Когда мы остались одни, Игорь снял пальто и бросил его на диван — мамин старый диван с протёртым подлокотником, который я закрывала накидкой каждый раз, когда приезжала.
— Не делай из этого драму, — он говорил спокойно, но желваки на скулах выдавали напряжение. — Мама оставила квартиру мне. По завещанию.
— Что?
— Завещание. Знаешь, такой документ, где пишут, кому что достаётся после смер.ти.
— Я знаю, что такое завещание, — я сжала кулаки. — Не знала, что мама его составила.
Игорь вздохнул и потёр переносицу — жест, который он перенял от отца и который всегда означал крайнюю степень раздражения.
— Она составила его два года назад. Нотариально заверенное. Квартира отходит мне. Полностью.
— А мне?
Он пожал плечами:
— Ничего.
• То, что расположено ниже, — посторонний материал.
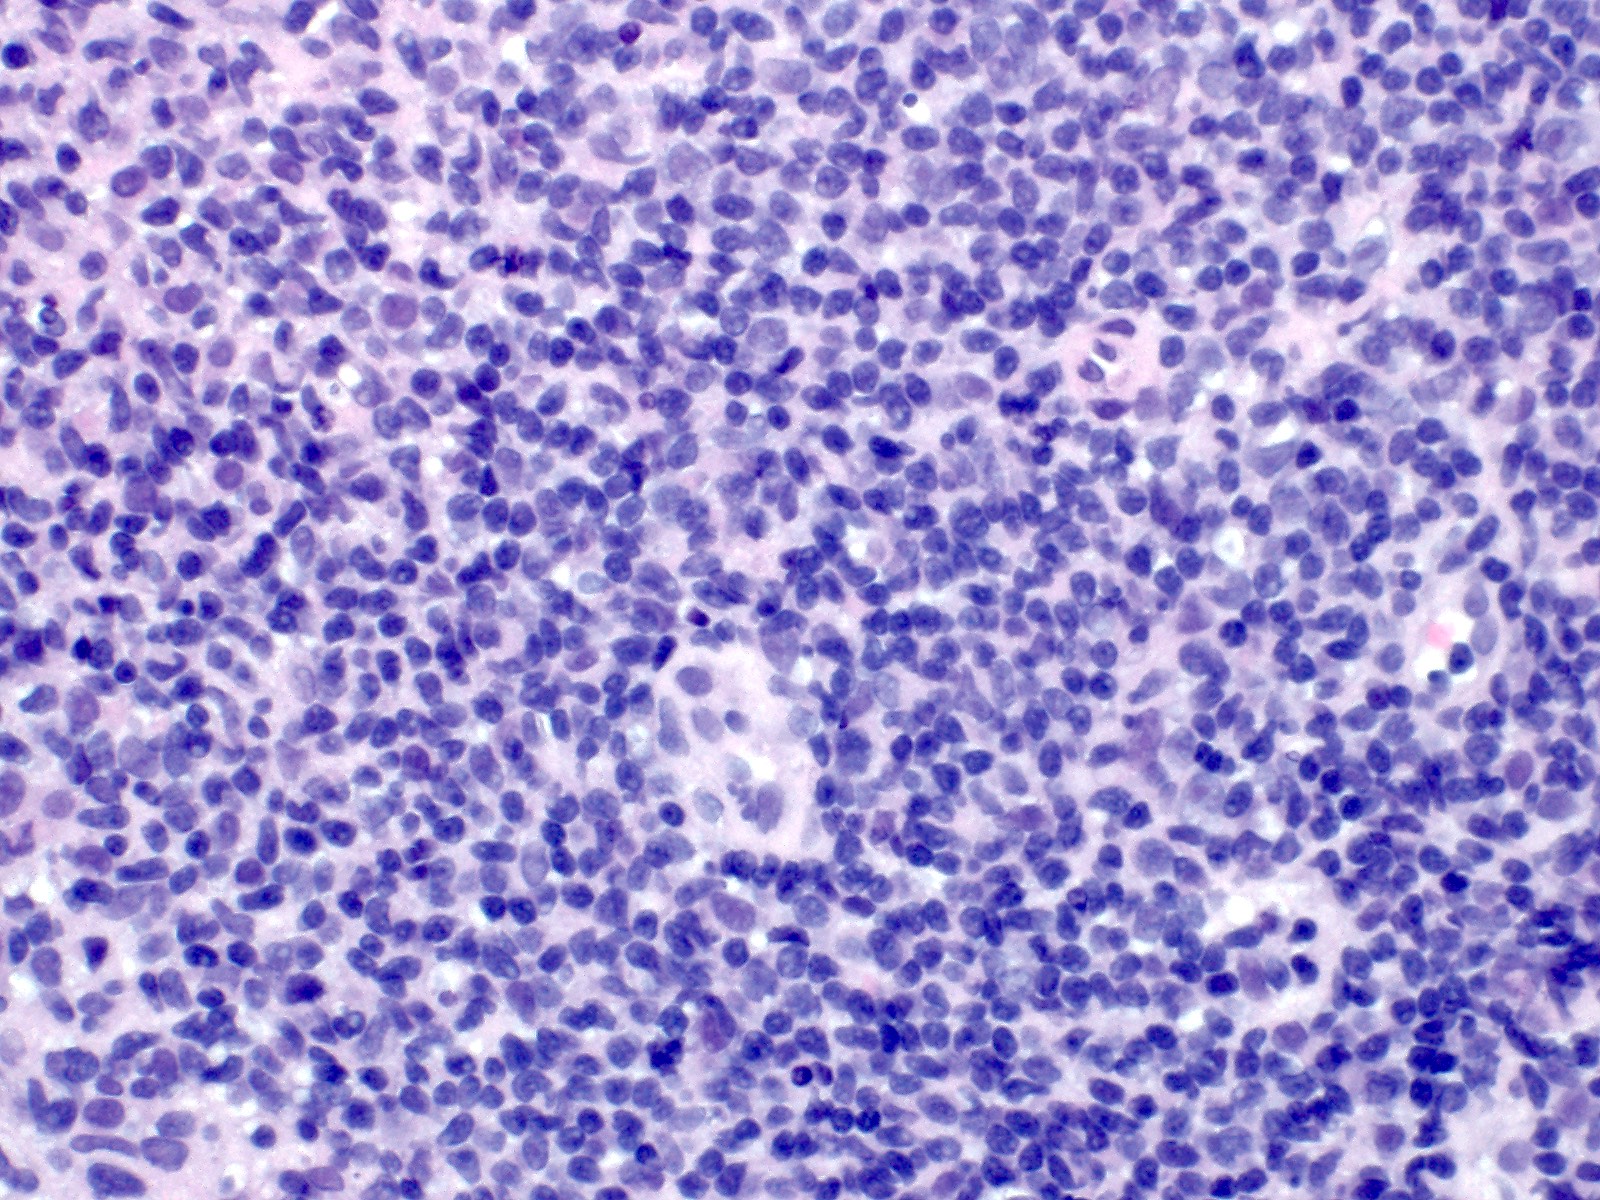 Atypical infiltrate of indolent T-LPD

Но я готов выделить тебе небольшую сумму из вырученных денег. На твоё усмотрение.
Комната поплыла перед глазами. Я опустилась на краешек дивана, стараясь дышать ровно.
— Два года назад, — повторила я. — Когда у неё случился инсульт. Когда я взяла отпуск за свой счёт и полтора месяца жила здесь, чтобы за ней ухаживать. Когда ты прислал букет и ни разу не приехал. Тогда она составила завещание в твою пользу?
Игорь смотрел в окно, постукивая пальцами по подоконнику.
— Не передёргивай. Я высылал деньги на сиделку.
— Которой не было, потому что твоих денег хватило бы на три дня! А потом что? Дом престарелых? Ты даже не спросил, как она, Игорь. Ни разу не позвонил ей напрямую. Через меня передавал «приветы».
— У меня был сложный период. Развод, проблемы в компании...
— У тебя вся жизнь — сложный период! — я сорвалась на крик, хотя обещала себе держаться. — За последние пять лет ты приезжал сюда два раза. На Новый год и когда тебе нужны были какие-то документы. А я возила её по врачам, делала уборку, готовила еду на неделю вперёд, слушала её жалобы и страхи...
— И теперь хочешь за это компенсацию? — перебил он. — Благородная дочь выполняла свой долг не просто так, да?
Я задохнулась от несправедливости обвинения.
— Пошёл ты.
Развернувшись, я вышла в прихожую и начала натягивать сапоги.
— Оля, подожди, — Игорь появился в дверном проёме. — Извини. Это было лишнее.
— Продавай что хочешь, — процедила я сквозь зубы. — Только дай мне забрать её вещи. Фотоальбомы, письма... Хотя бы это.
Он кивнул:
— Конечно. Приезжай в выходные, я всё равно буду здесь с рабочими. Начнём с косметического ремонта, чтобы поднять цену.
Я хлопнула дверью так, что посыпалась штукатурка.
— Завещание можно оспорить, — говорил муж, нервно расхаживая по кухне. — Должны же быть какие-то законы о несправедливом распределении наследства!
Я сидела, обхватив руками чашку с давно остывшим чаем.
— Это её решение, Дим. Её имущество. Она имела право распорядиться им как хотела.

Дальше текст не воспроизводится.